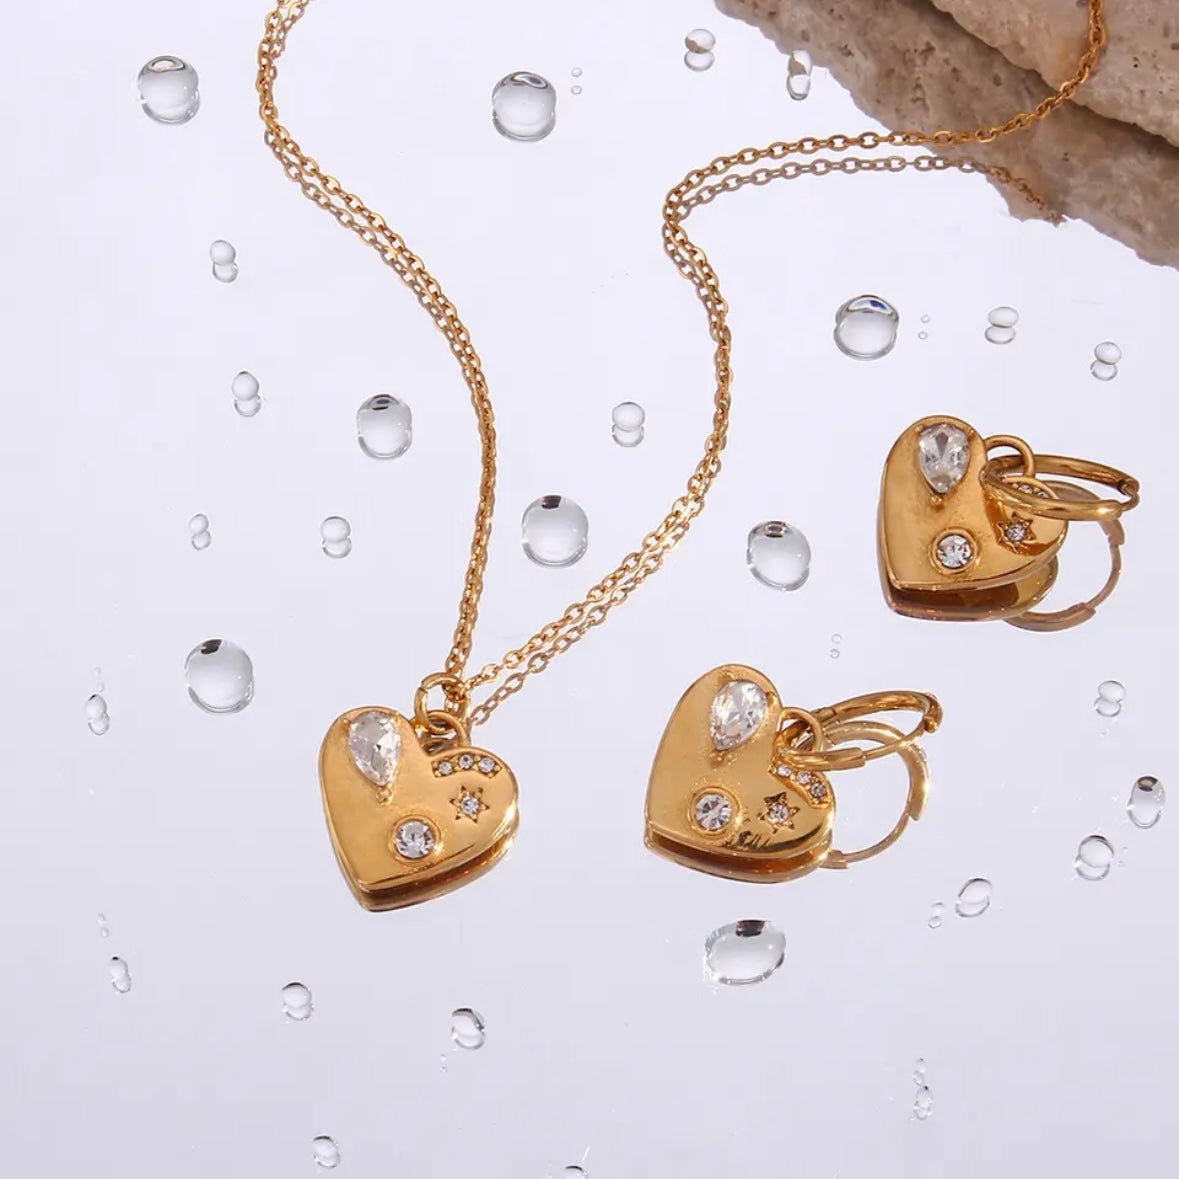 gold heart charm necklace and earrings set, Sydney australia 
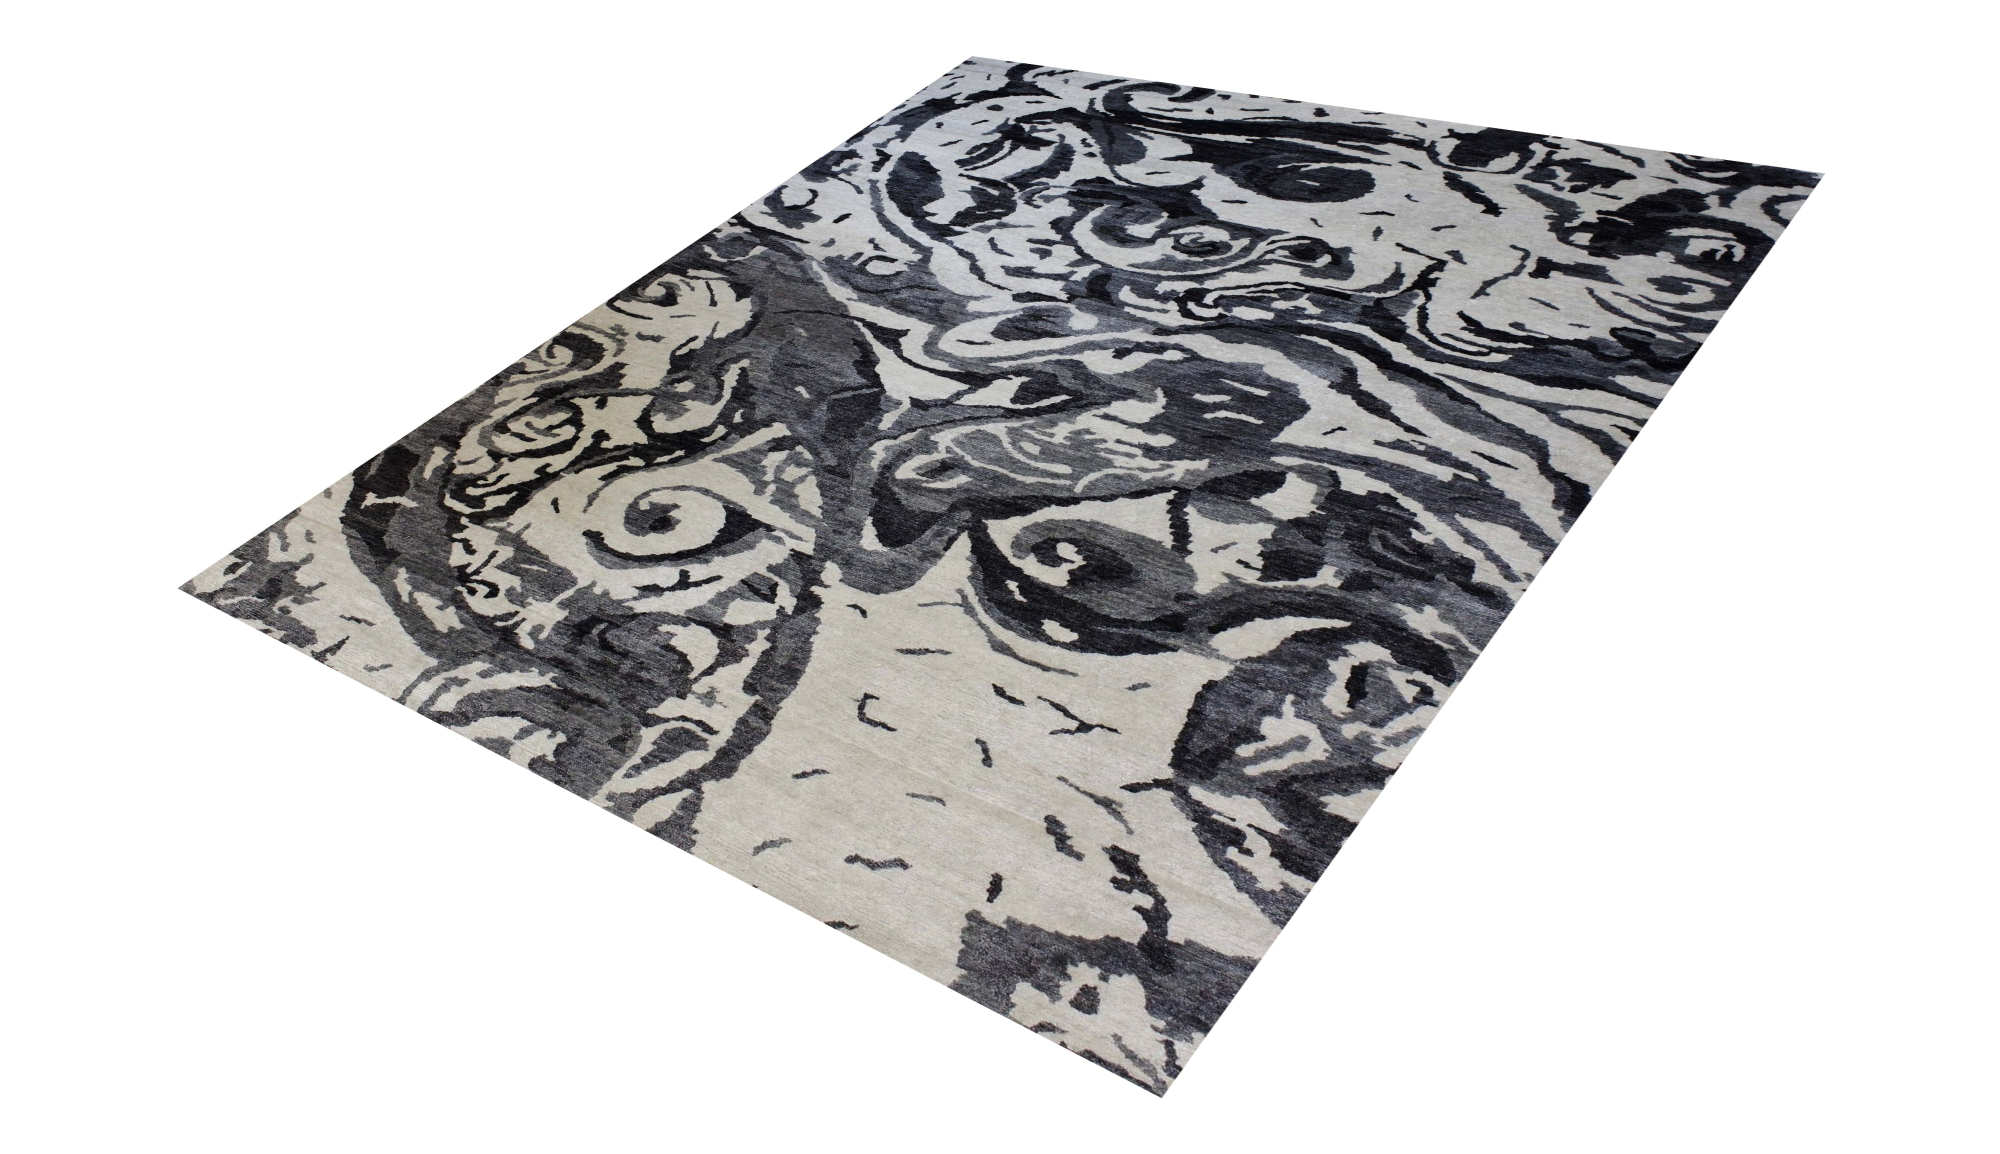 Area rug for living space and any room. Floor decor, rugs and carpets from Tabrizi Rugs. Fine Art 1172 - Multiple Sizes. Canada's most trusted website to buy rugs online.
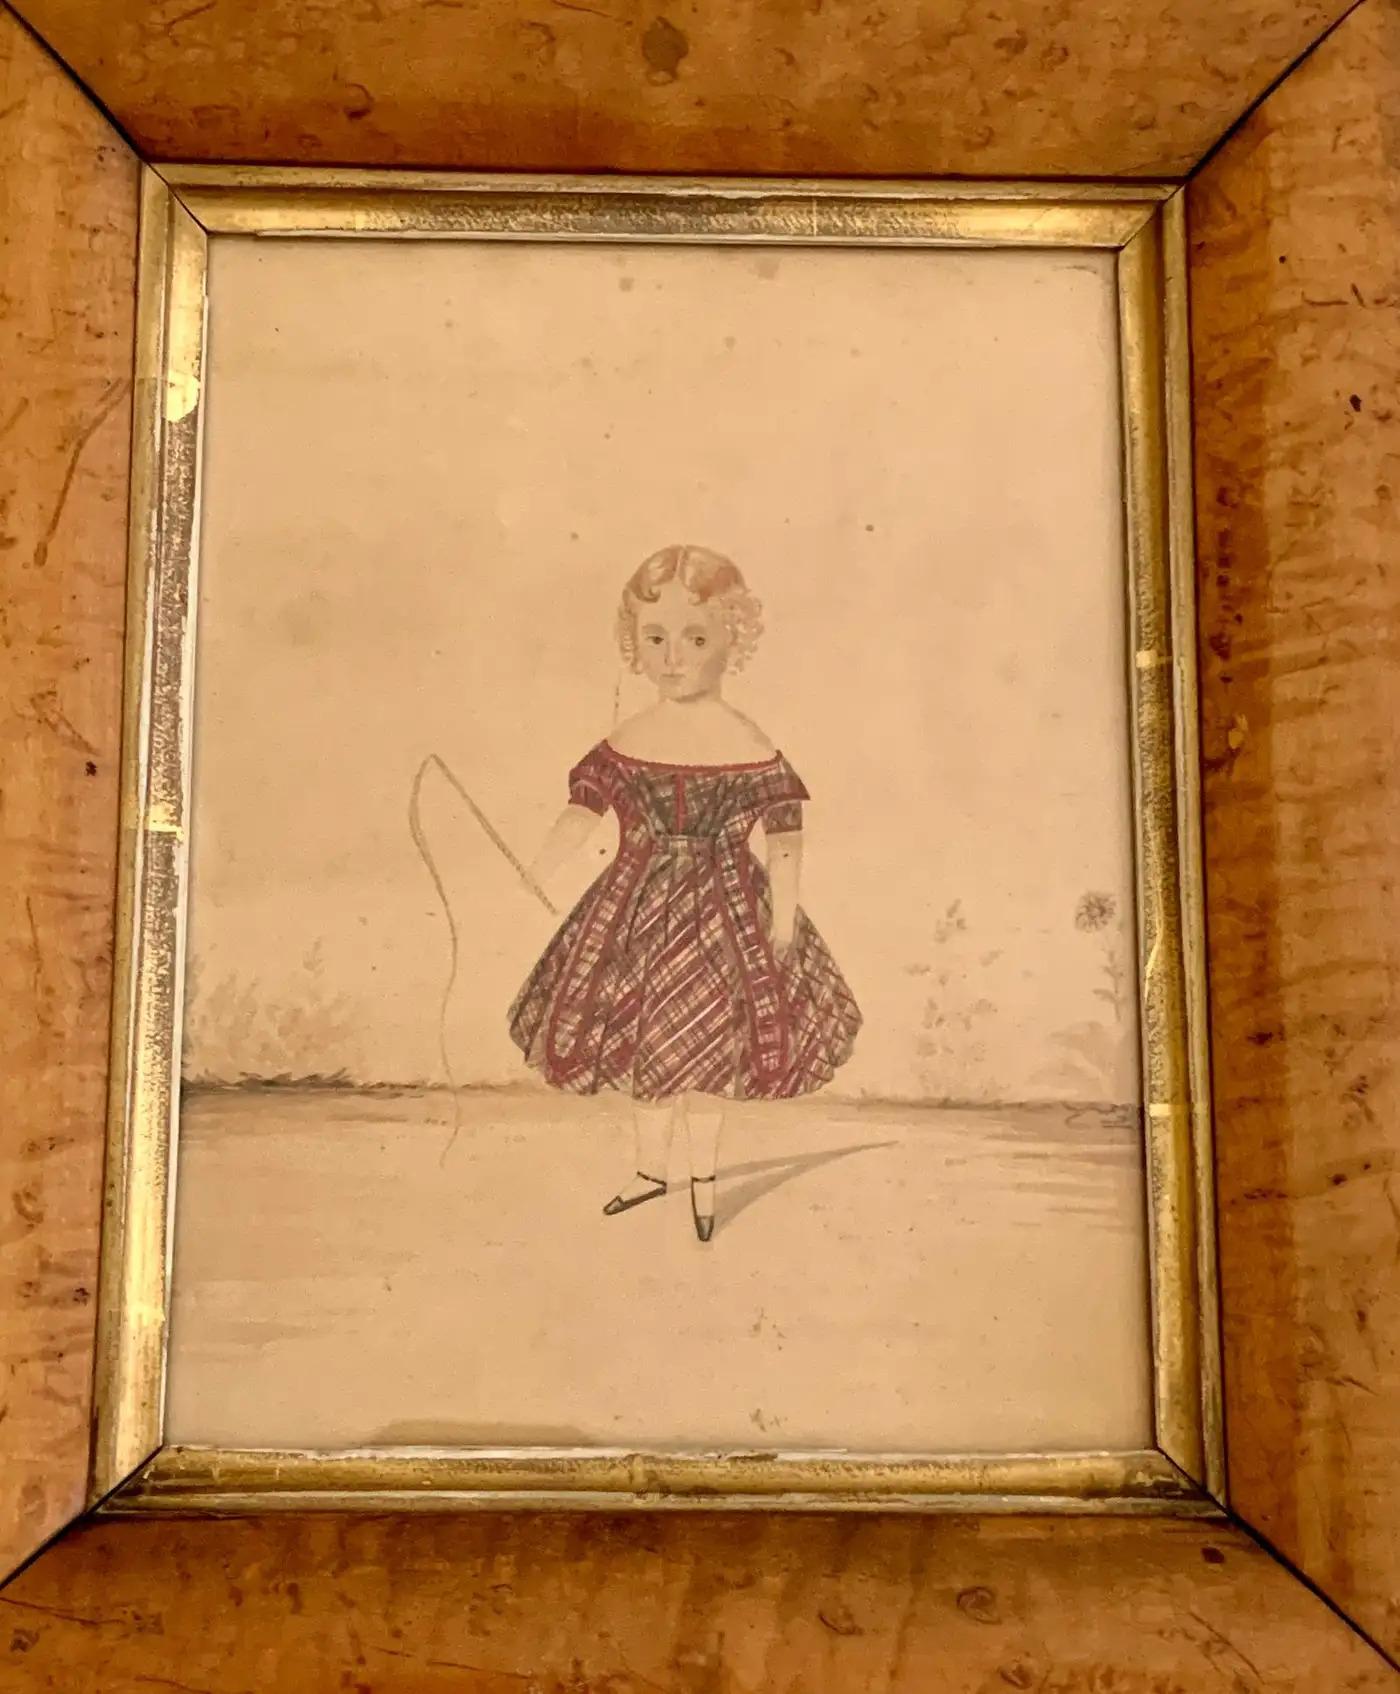 A small, mid-19th-century English School watercolor portrait of a young girl with her hair in perfect curls and wearing a plaid dress. 
She has a serious look appropriate for standing still while this important portrait is painted.
Her expression of

────

What needs to be done: Everything in the listing above, apart from its pictures, must be repeated exactly.

Answer area:
 gold heart charm necklace and earrings set, Sydney australia 
 Area rug for living space and any room. Floor decor, rugs and carpets from Tabrizi Rugs. Fine Art 1172 - Multiple Sizes. Canada's most trusted website to buy rugs online.
 A small, mid-19th-century English School watercolor portrait of a young girl with her hair in perfect curls and wearing a plaid dress. 
She has a serious look appropriate for standing still while this important portrait is painted.
Her expression of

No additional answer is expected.